Fazio, ragazzo allevato in Rai fin da quando ha avuto il diritto di voto, sa benissimo che il nazionalpopolare è quello che fa di Sanremo ciò che è. Tant’è che l’anno scorso è stato costretto a recuperarlo con l’espediente (fantasmagorico, invero) di Toto Cutugno con l’Armata Rossa. E comunque, se vi ricordate, i direttori artistici prima di lui erano stati lapidati proprio perché concedevano esposizione a gente che era discograficamente alla canna del gas. Deh, ma non è forse questo il caso dei quattordici BIG in gara? Per quanto io possa stimare o stravedere per alcuni di loro (da Frankie a The Giusy), questa è tutta gente che in classifica annaspa.
Sicché, tornando al Superbowl, l’Italia si ferma – e i suoi media sbavano – per un costosissimo torneo calcistico tra squadre di serie C.
Orbene. Se la Rai trasmettesse un torneo calcistico tra squadre di serie C in prima serata, io lo guarderei.

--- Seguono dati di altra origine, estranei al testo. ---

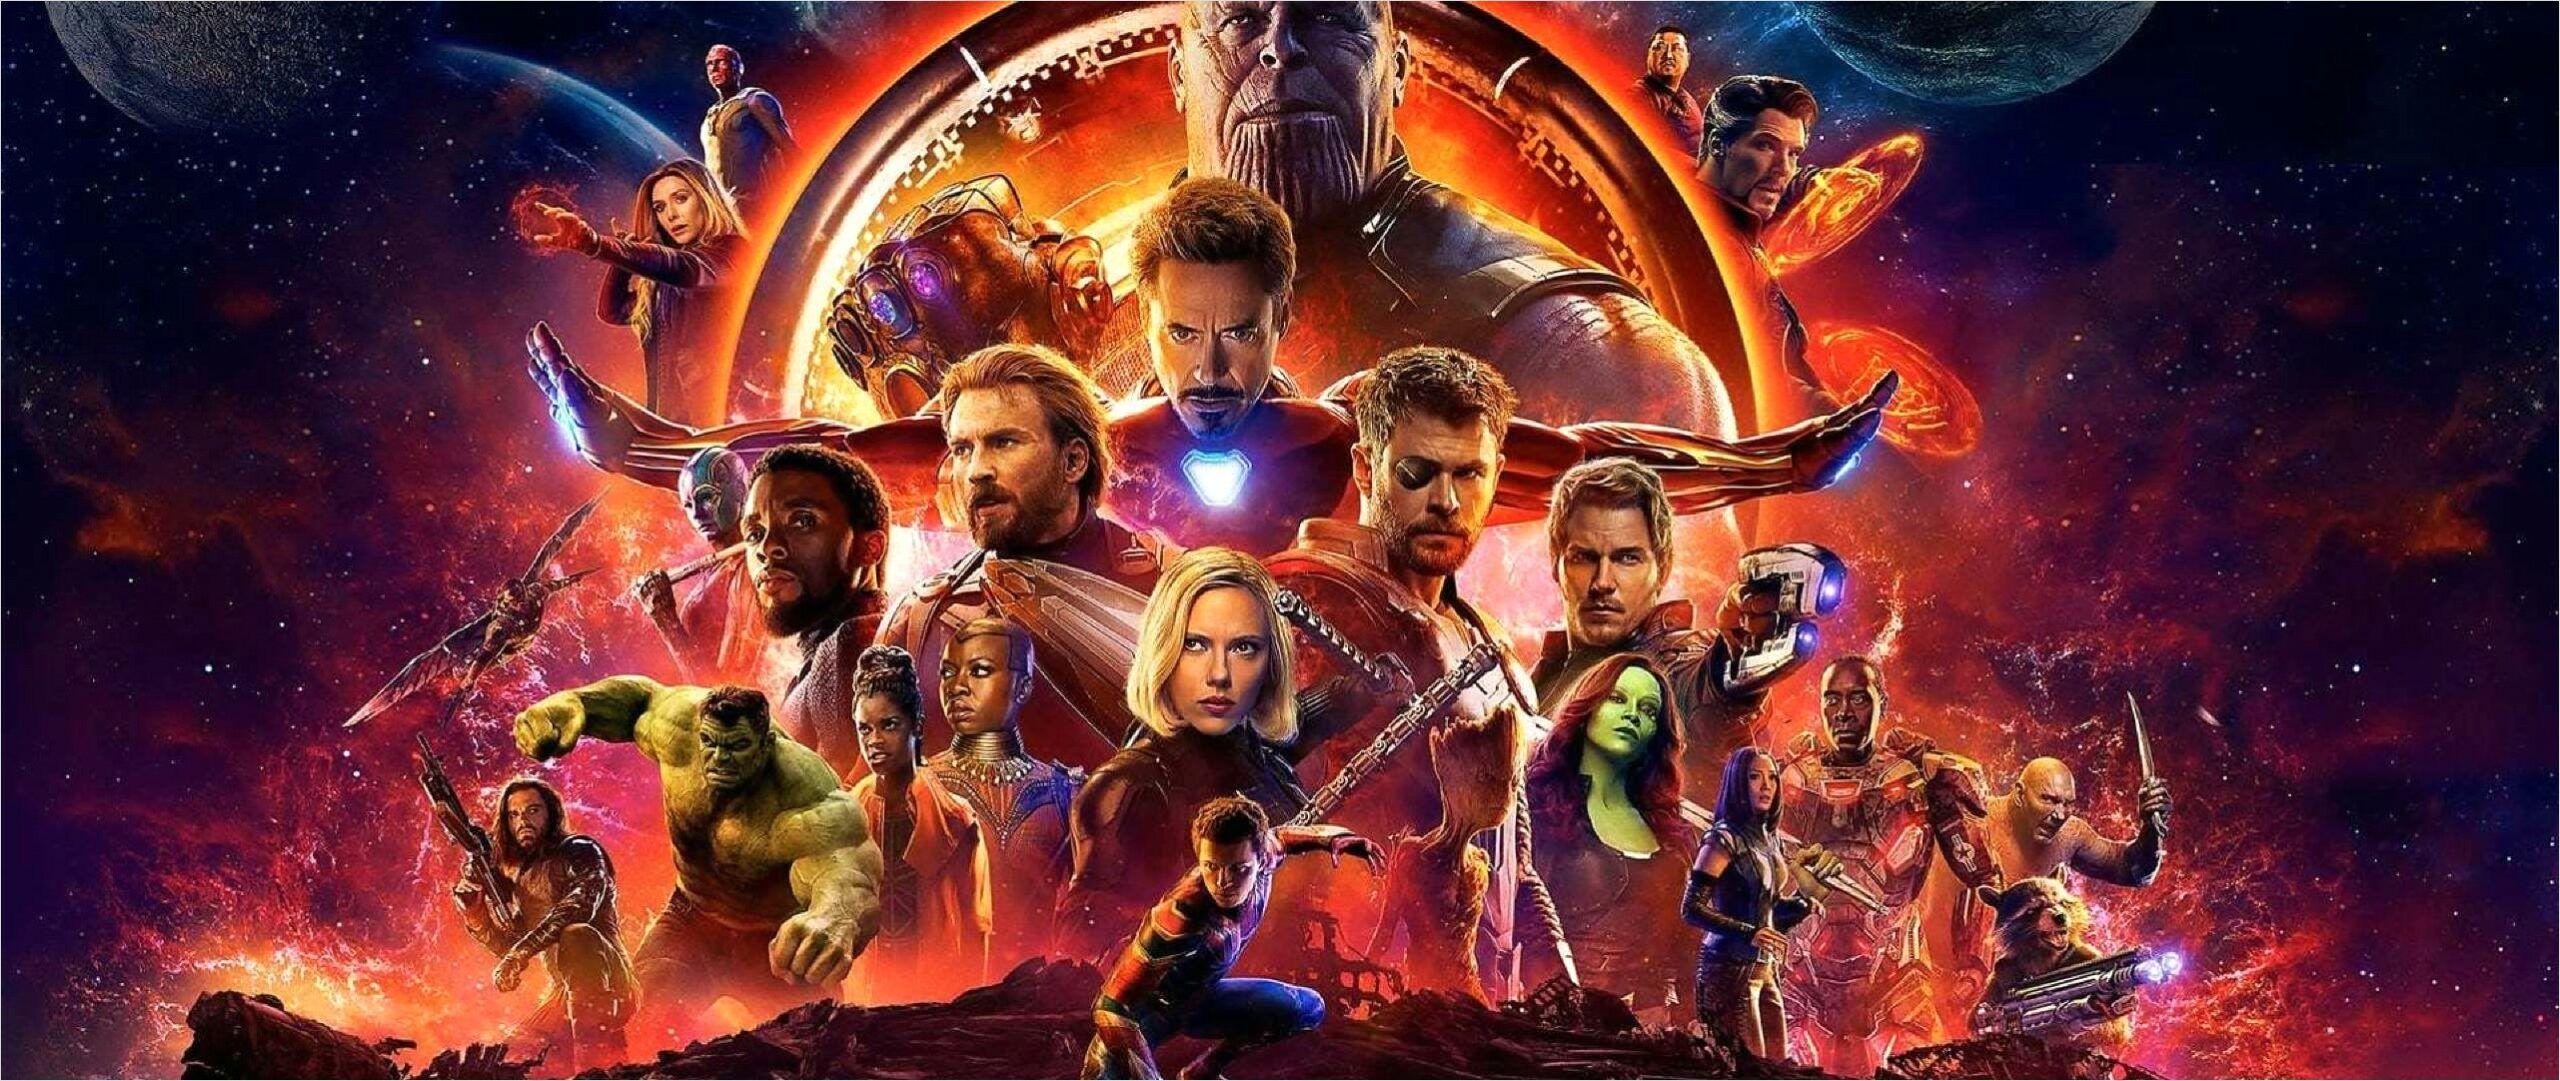 4k Dual Monitor Wallpapers Infinity War In 2020 Infinity War

(sì, sono quel tipo umano lì)

Il problema è che poi, per quanto calciodipendente, se in quei giorni vedessi che i media non parlano d’altro e che le menti migliori della mia generazione inneggiano alla grandebellezza di tutto ciò, io la sensazione che qualcosa è andato completamente alla deriva ce l’avrei.

Anche voi? Ma non importa?

Okay.

2 Risposte a “Che valletta sei? (ovvero: due-tre cose su Quella Roba Lì)”

  1. La citazione di Allen Ginsberg (e dei Massimo Volume?) in finale è notevole: commentare lo zibaldone nazionalpopolare per eccellenza con una citazione colta fa di te il fallito ed invidioso per eccellenza. Poi ha voglia a dirci che il salotto di casa tua è meglio…

  2. Mi chiederei anche “Che spettatore sei?” e proverei a rispondere “un telespettatore cui interessa pochissimo porsi domande”.
    O perché non gliene frega alcunché di porsele o perché conosce perfettamente la risposta.
    E allora meglio cambiare domanda.